E manaaki ana ngā ākonga i te taiao, hei kaitiaki rātou.
Our students understand and apply sustainable approaches to everything they do.
What space will be required
to enable the aspiration?
General learning spaces (and associated support spaces such as breakout spaces, toilets, storage etc) should be as generic as possible, so that they can support the delivery of different learning areas, since learning areas may change in the future.
General learning spaces should also be grouped so that they are able to change from delivery of a particular learning area, to delivery of multiple learning areas for a particular group of students.
The buildings/sloping roofs should be oriented to maximise aspects of energy capture potential and natural light/heat/ventilation.
How will we achieve
Sustainability in terms of building materials and processes and also in terms of future-proofing the buildings and facilities.
Recycling evident throughout the school with strong focus on environmental sustainability.
High quality in design, materials, construction and workmanship. It will be cost effective in terms of the ongoing maintenance.
The school site will have a net zero energy use.
Solar power should be considered carefully for our region.
Curriculum will include hands-on opportunities for caring for the school environment and monitoring energy efficiencies associated with the schools’ facilities.
Sustainability involves creating a site that incorporates green space, natural plants and forests.

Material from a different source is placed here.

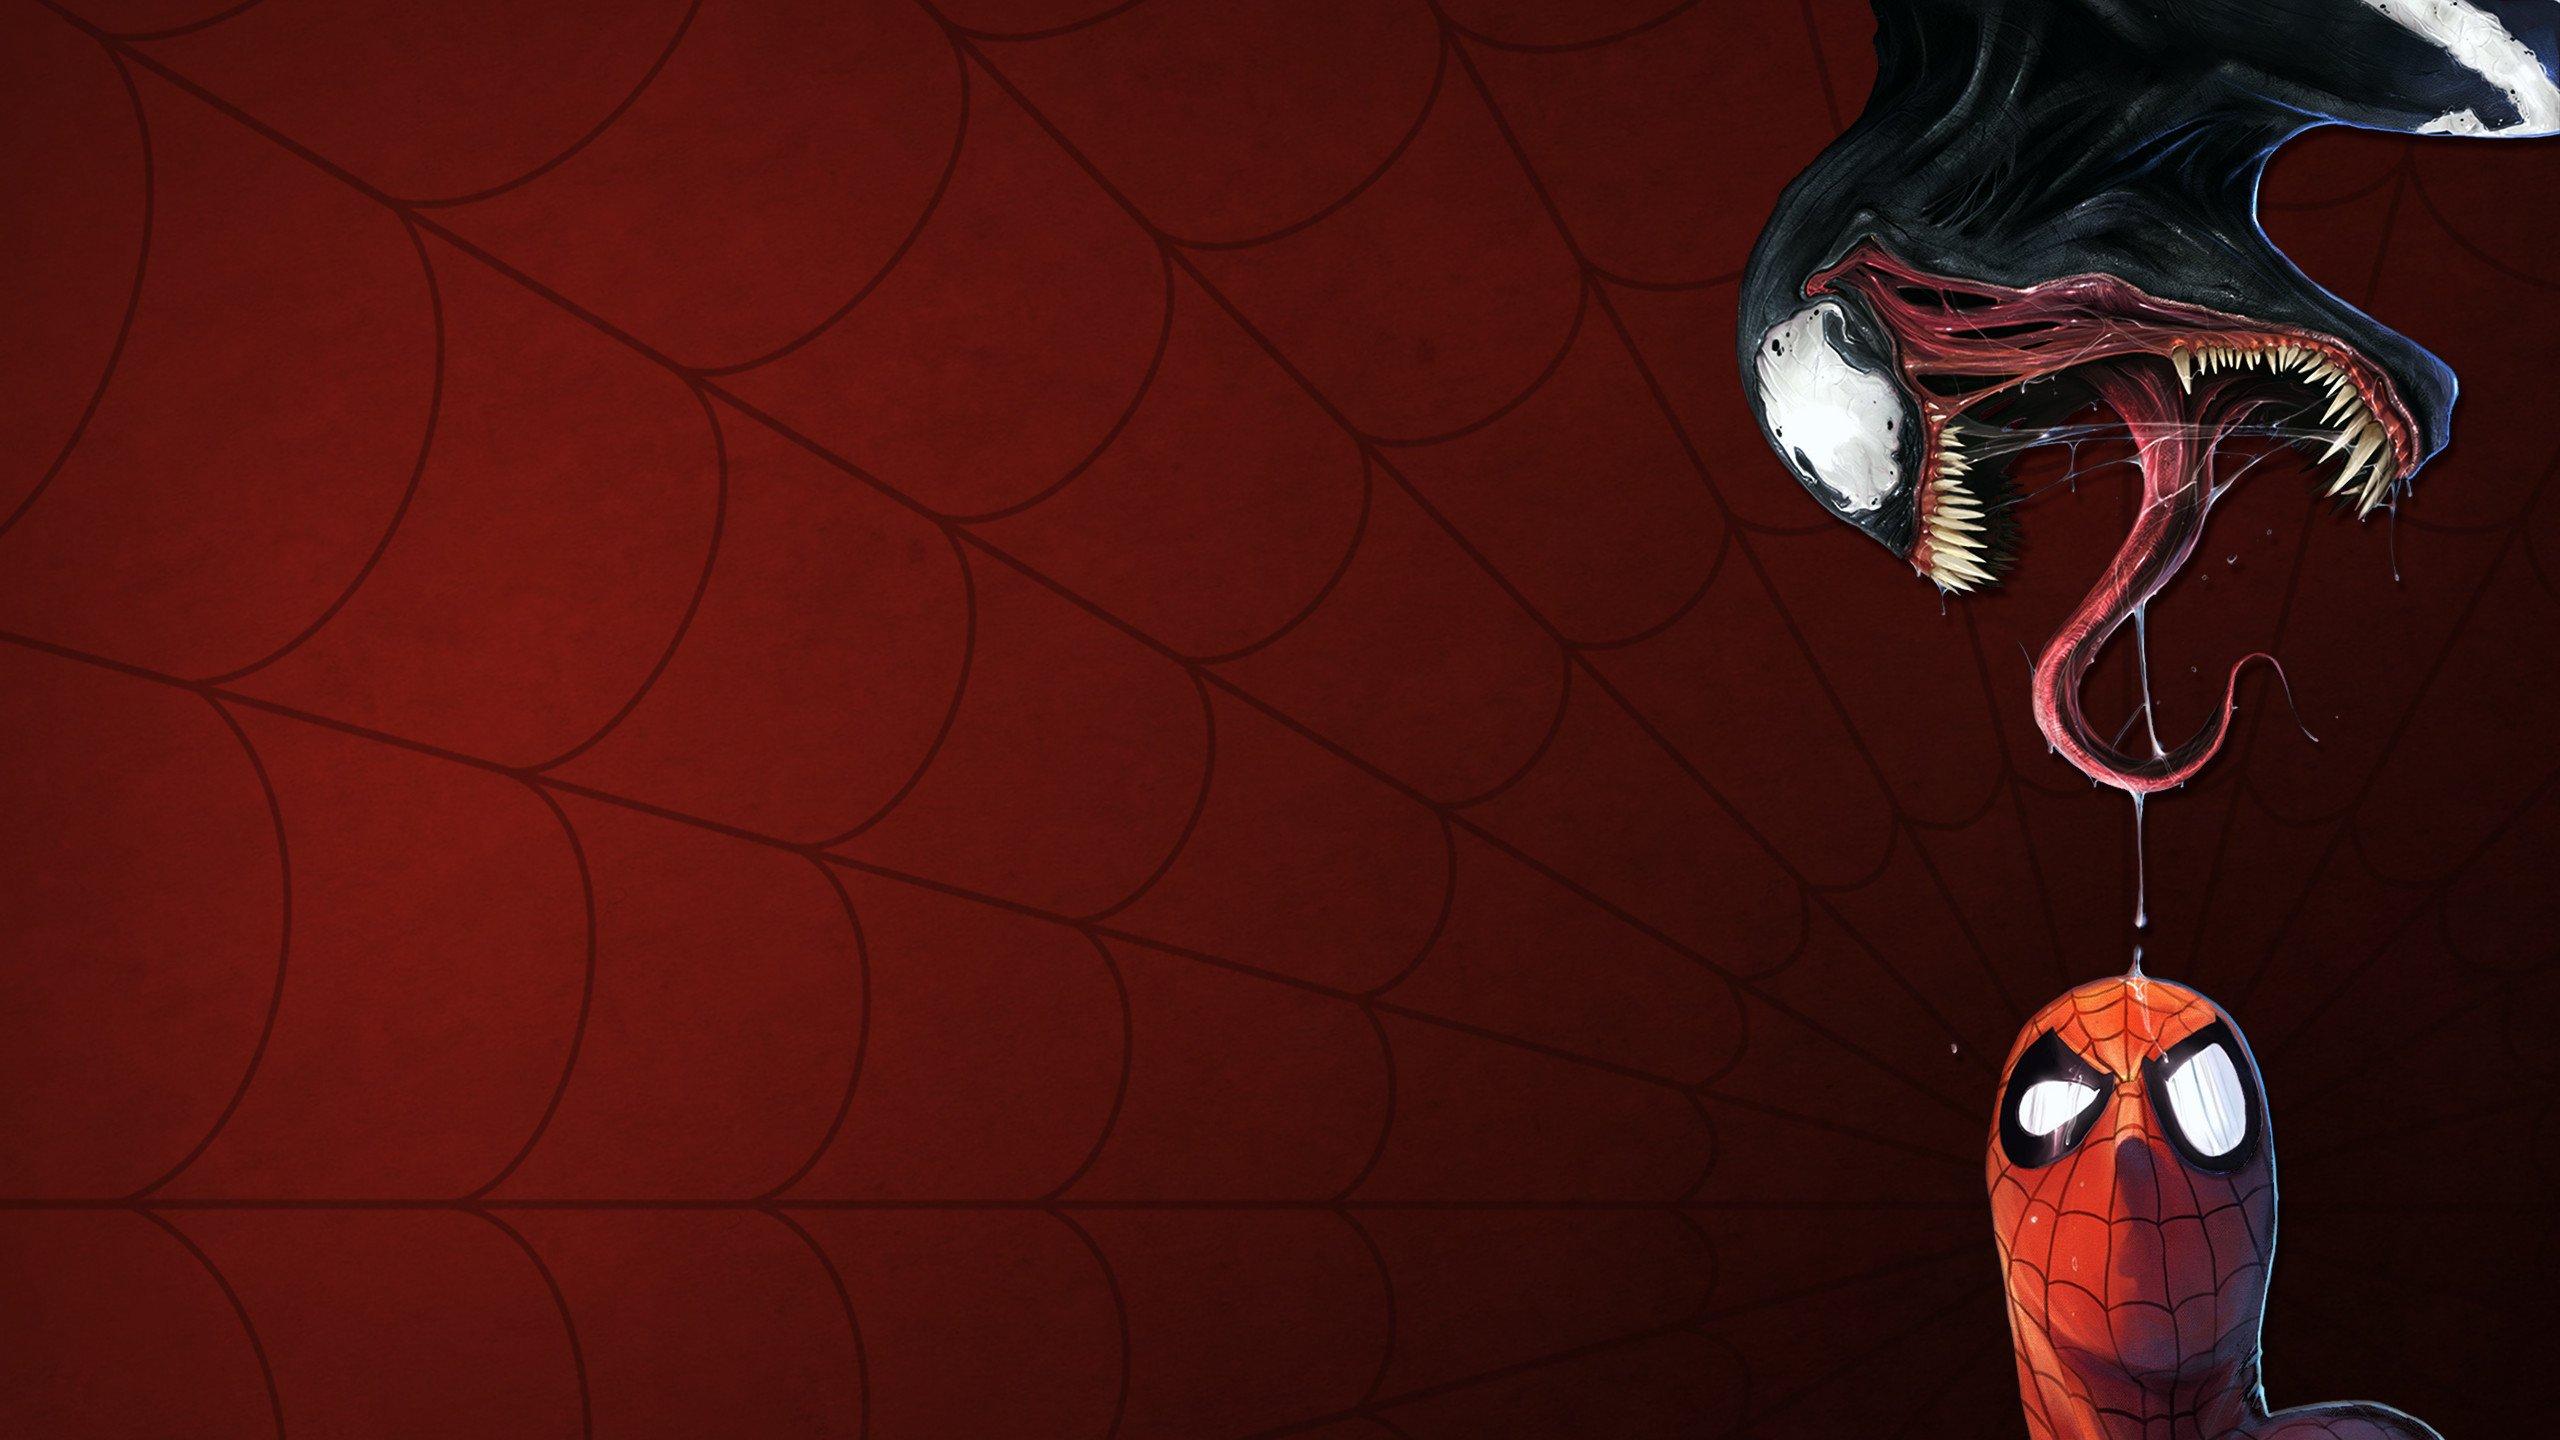 Spider Man Vs Venom Hd Wallpaper

Environmental consideration is given to integrating the school into its environment in a thoughtful way, including smart use of natural resources such as sunshine, water and wind.
It is important that the design and physical spaces are sufficiently flexible to support changes in teaching and learning organisational structure and curriculum design.
This should include the possibility of moving from spaces organised by subject delivery to spaces organised by student-centred learning. This may involve potential repurposing learning spaces (and their groupings) from subject delivery to delivery to a particular group of students, such as four Year 9 - 13 “house” groups of 250 - 300 students each.